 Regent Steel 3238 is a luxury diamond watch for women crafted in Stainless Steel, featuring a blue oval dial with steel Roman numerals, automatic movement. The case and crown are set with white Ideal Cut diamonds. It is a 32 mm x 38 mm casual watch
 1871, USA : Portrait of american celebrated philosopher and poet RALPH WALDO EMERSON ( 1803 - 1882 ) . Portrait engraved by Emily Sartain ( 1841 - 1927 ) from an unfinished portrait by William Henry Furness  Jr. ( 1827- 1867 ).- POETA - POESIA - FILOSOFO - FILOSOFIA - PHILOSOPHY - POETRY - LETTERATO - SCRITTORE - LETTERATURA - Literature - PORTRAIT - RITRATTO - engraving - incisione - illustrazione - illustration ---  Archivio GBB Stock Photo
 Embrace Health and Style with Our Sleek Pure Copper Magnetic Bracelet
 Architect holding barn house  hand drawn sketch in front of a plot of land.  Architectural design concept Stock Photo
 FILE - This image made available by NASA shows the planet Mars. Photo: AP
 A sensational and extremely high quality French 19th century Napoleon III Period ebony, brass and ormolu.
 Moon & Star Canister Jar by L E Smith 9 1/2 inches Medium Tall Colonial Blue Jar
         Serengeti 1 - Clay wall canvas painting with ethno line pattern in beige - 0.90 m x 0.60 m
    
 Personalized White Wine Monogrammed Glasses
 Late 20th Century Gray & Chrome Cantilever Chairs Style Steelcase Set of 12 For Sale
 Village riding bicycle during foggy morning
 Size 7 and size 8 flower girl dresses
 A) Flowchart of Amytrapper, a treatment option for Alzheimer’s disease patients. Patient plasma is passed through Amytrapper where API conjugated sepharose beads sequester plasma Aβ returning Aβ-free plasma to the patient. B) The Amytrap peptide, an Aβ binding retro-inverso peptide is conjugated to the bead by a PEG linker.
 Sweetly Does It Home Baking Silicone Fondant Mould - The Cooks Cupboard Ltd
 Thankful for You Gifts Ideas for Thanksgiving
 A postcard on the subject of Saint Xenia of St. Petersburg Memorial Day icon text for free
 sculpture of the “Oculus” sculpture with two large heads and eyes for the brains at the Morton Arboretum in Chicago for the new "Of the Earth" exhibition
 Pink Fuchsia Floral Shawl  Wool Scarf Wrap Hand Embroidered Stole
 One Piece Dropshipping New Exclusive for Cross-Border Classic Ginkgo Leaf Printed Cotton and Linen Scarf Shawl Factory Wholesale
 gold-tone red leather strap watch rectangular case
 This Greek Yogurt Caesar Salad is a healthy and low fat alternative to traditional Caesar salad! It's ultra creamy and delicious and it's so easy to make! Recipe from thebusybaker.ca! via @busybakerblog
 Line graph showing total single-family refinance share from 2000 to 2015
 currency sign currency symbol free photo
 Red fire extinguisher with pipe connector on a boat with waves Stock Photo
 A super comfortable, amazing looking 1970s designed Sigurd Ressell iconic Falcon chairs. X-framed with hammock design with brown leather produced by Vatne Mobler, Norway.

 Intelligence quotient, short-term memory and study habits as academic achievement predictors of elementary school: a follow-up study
□ □ □ □
— Problem details —
Please output the lines of the listing above that fall in the stretch from the one with "Sweetly Does It" through the one with "gold-tone red leather", exactly and only those.

— Completed exercise —
 Sweetly Does It Home Baking Silicone Fondant Mould - The Cooks Cupboard Ltd
 Thankful for You Gifts Ideas for Thanksgiving
 A postcard on the subject of Saint Xenia of St. Petersburg Memorial Day icon text for free
 sculpture of the “Oculus” sculpture with two large heads and eyes for the brains at the Morton Arboretum in Chicago for the new "Of the Earth" exhibition
 Pink Fuchsia Floral Shawl  Wool Scarf Wrap Hand Embroidered Stole
 One Piece Dropshipping New Exclusive for Cross-Border Classic Ginkgo Leaf Printed Cotton and Linen Scarf Shawl Factory Wholesale
 gold-tone red leather strap watch rectangular case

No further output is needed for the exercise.